Now let's compare the peformance

In [None]:
prices = [random.randint(100, 5001) for _ in range(100)]

In [69]:
test = Inventory("laptops.csv")

In [70]:
total_time_no_set = 0
for value in prices:
    start = time.time()
    test.check_promotion_dollar(value)
    end = time.time()
    runtime = end - start
    total_time_no_set += runtime

In [71]:
total_time_set = 0
for value in prices:
    start = time.time()
    test.check_promotion_dollar_fast(value)
    end = time.time()
    runtime = end - start
    total_time_set += runtime

In [72]:
total_time_no_set

23.42894434928894

In [73]:
total_time_set

0.0005838871002197266

Wow!
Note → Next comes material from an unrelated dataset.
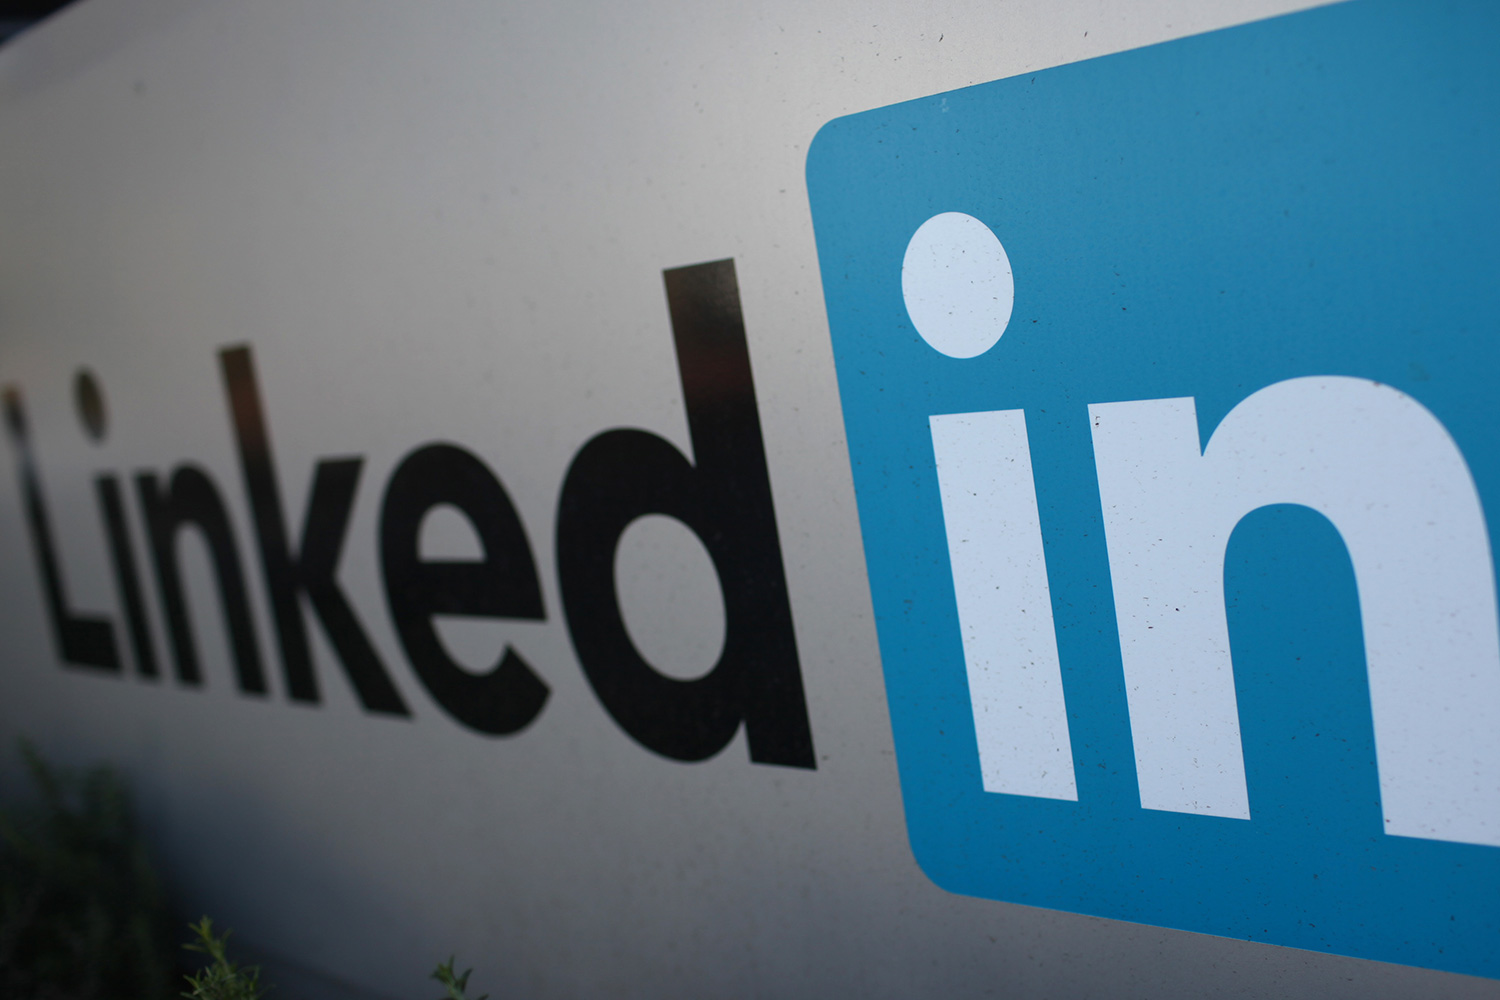 Un hacker vende millones de contraseñas de usuarios de LinkedIn
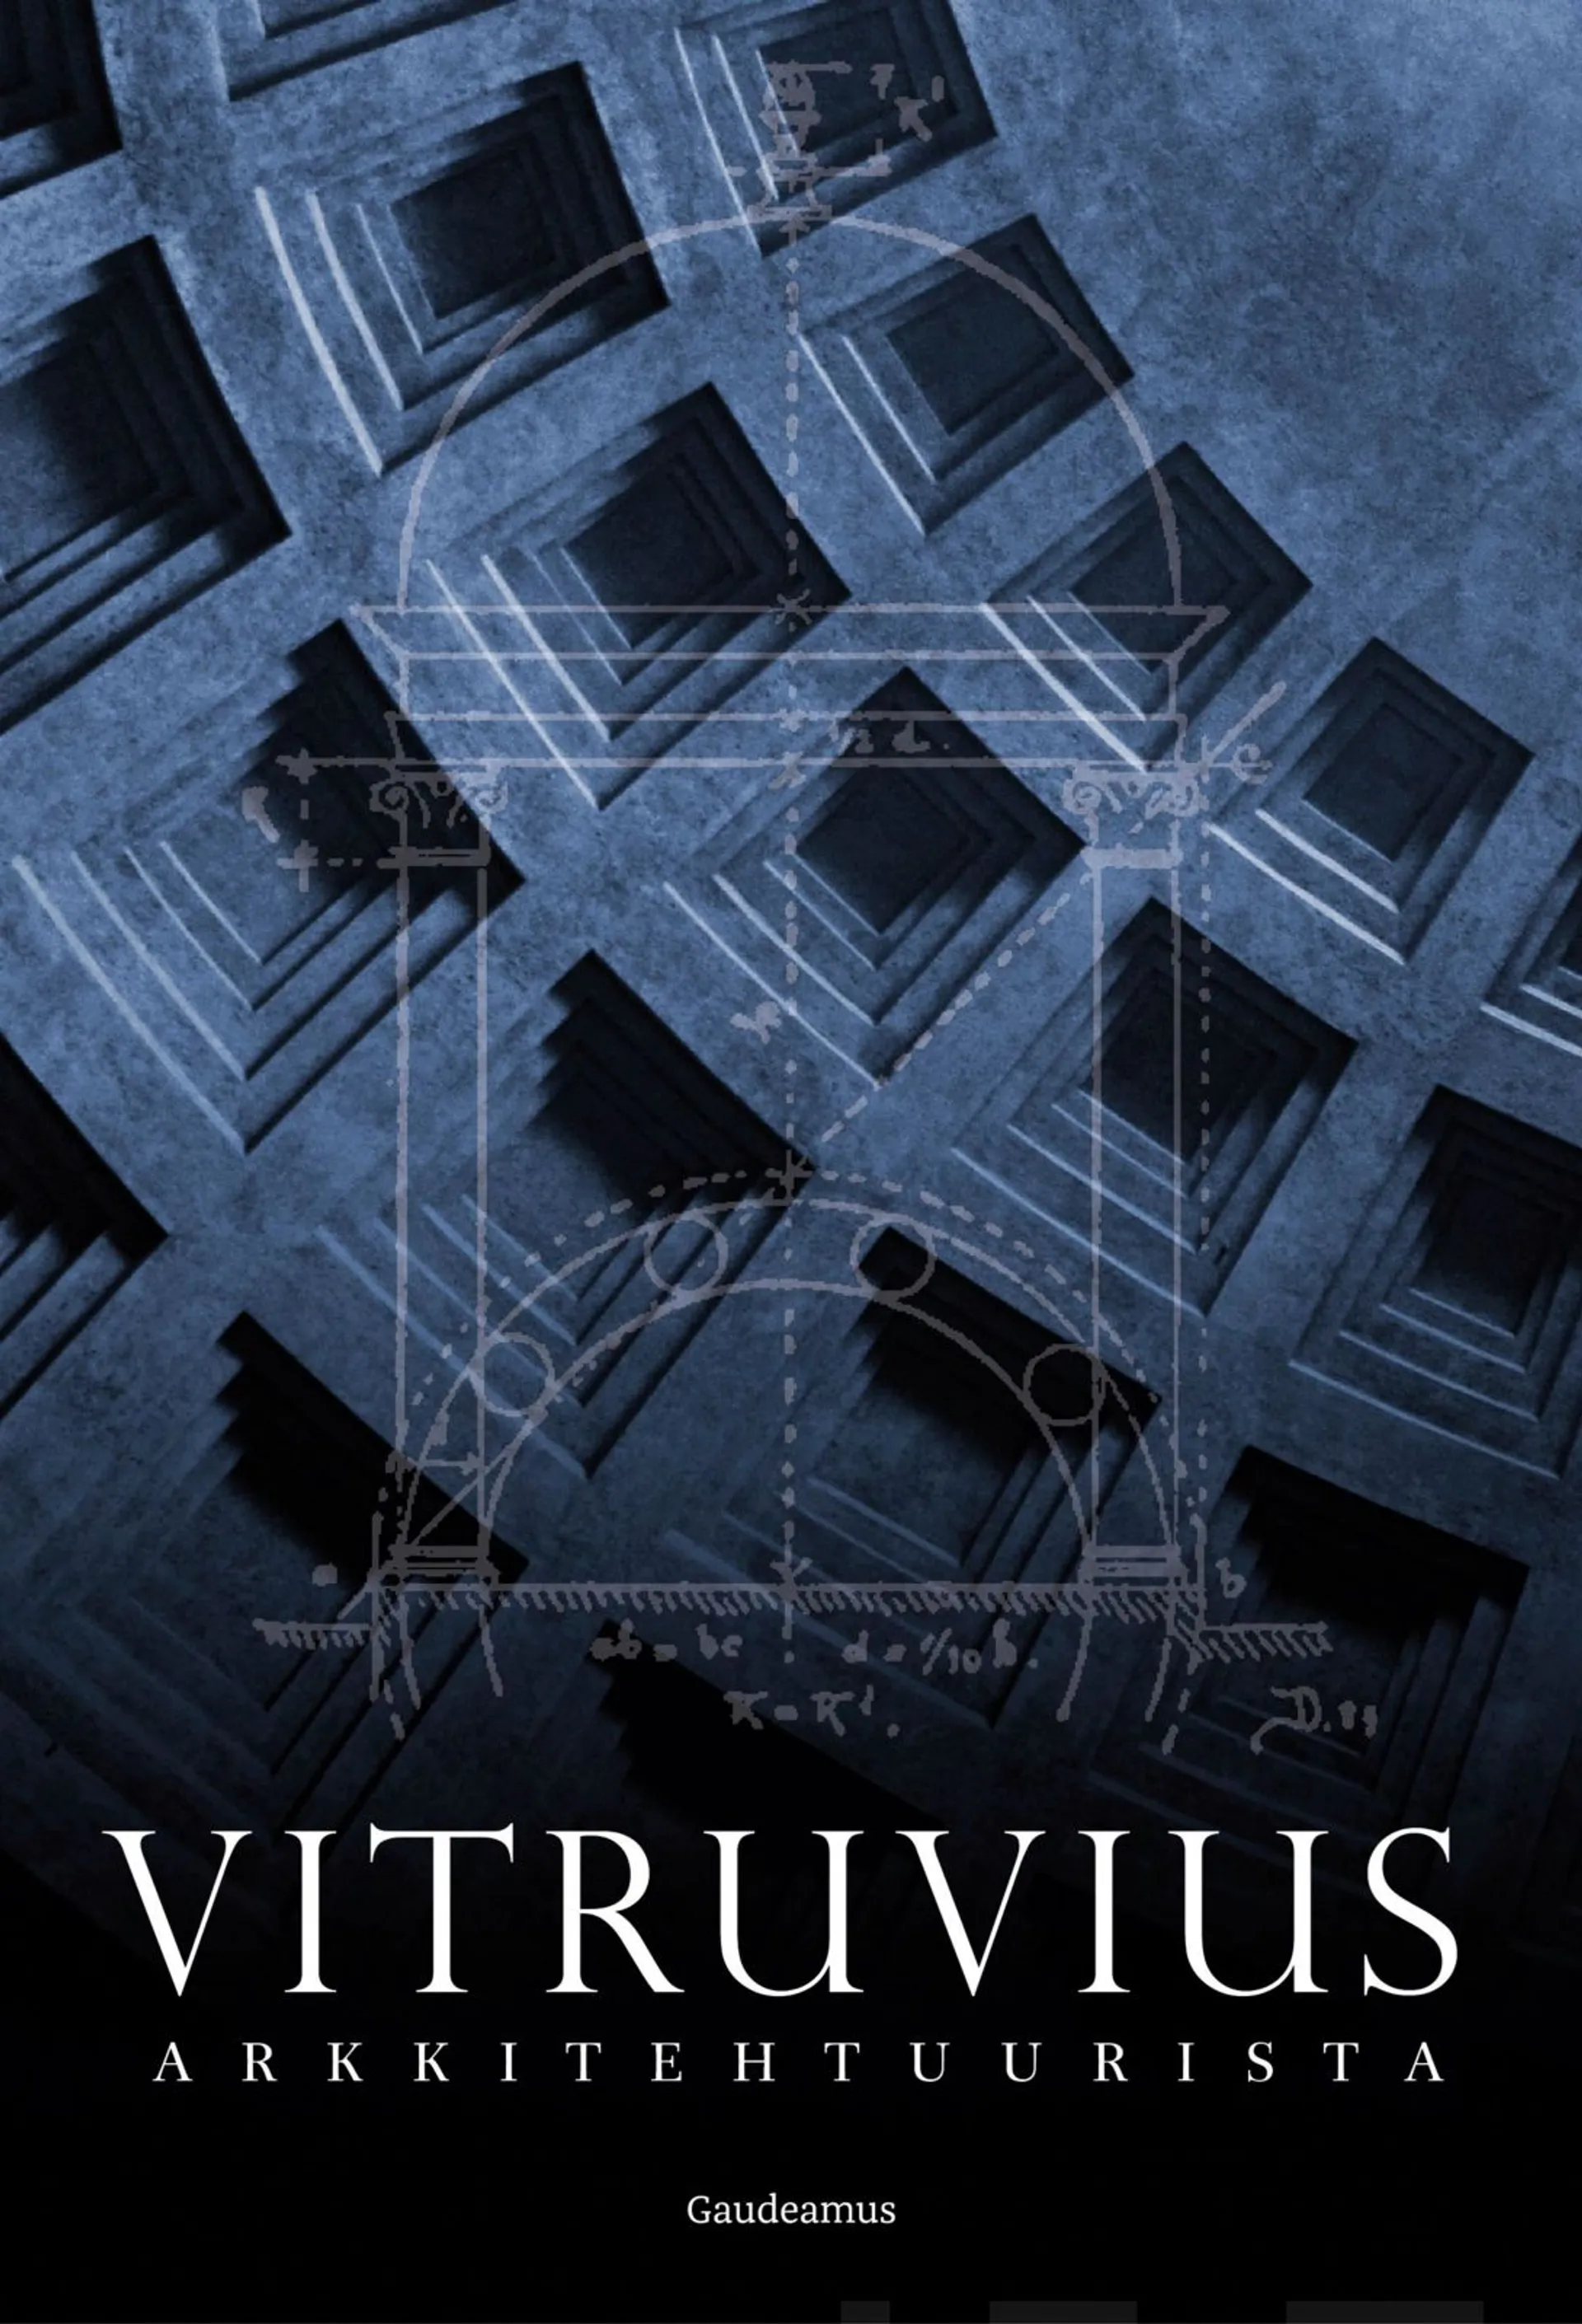 Vitruvius, Arkkitehtuurista

That's quite a difference there.

### Finding Laptops Within A Budget

Next up, we want to answer one question:

Given a budget of D dollars, find all laptops whose price is at most D.

In [77]:
class Inventory():
    def __init__(self, csv_filename):
        
        # Open file and assign header and rows
        with open(csv_filename) as f:
            reader = list(csv.reader(f))
            self.header = reader[0]
            self.rows = reader[1:]
            
        # Convert price to Int
        for row in self.rows:
            row[-1] = int(row[-1])
           
        # Store data to dictionary
        self.id_to_row = dict()
        for row in self.rows:
            self.id_to_row[row[0]] = row
            
        # Create an empty set to store prices
        self.prices = set()
        for row in self.rows:
            self.prices.add(row[-1])
            
        # Sort rows by price
        self.rows_by_price = sorted(self.rows, key = lambda x: x[-1])
            
    def get_laptop_from_id_fast(self, laptop_id):
        
        # Fast way to lookup ID
        for key, value in self.id_to_row.items():
            if key == laptop_id:
                return value
        return None
            
    def get_laptop_from_id(self, laptop_id):
        
        # Slow way to lookup ID
        for row in self.rows:
            identification = row[0]
            if identification == laptop_id:
                return row
        return None
    
    def check_promotion_dollar(self, dollars):
        
        # Slow way to check
        for row in self.rows:
            price = row[-1]
            if price == dollars:
                return True
            for row2 in self.rows:
                if (row + row2) == price:
                    return True
        return False
    
    def check_promotion_dollar_fast(self, dollars):
        
        # Fast way to check
        if dollars in self.prices:
            return True
        for value in self.prices:
            if (dollars - value) in self.prices:
                return True
        return False
    
    def find_first_laptop_more_expensive(self, target_price):
        # Return index of the first row in self.rows_by_price whose price is higher than price. 
        range_start = 0
        range_end = len(self.rows_by_price) - 1
        
        while range_start < range_end:
            
            range_middle = (range_start + range_end) // 2
            value = self.rows_by_price[range_middle][-1]
            
            if value <= target_price:
                range_start = range_middle + 1
            else:
                range_end = range_middle

        value = self.rows_by_price[range_start][-1]
        
        if target_price > value:
            return -1
        
        return range_start


In [78]:
test = Inventory("laptops.csv")

In [79]:
test.find_first_laptop_more_expensive(1000)

683

In [80]:
test.find_first_laptop_more_expensive(10000)

-1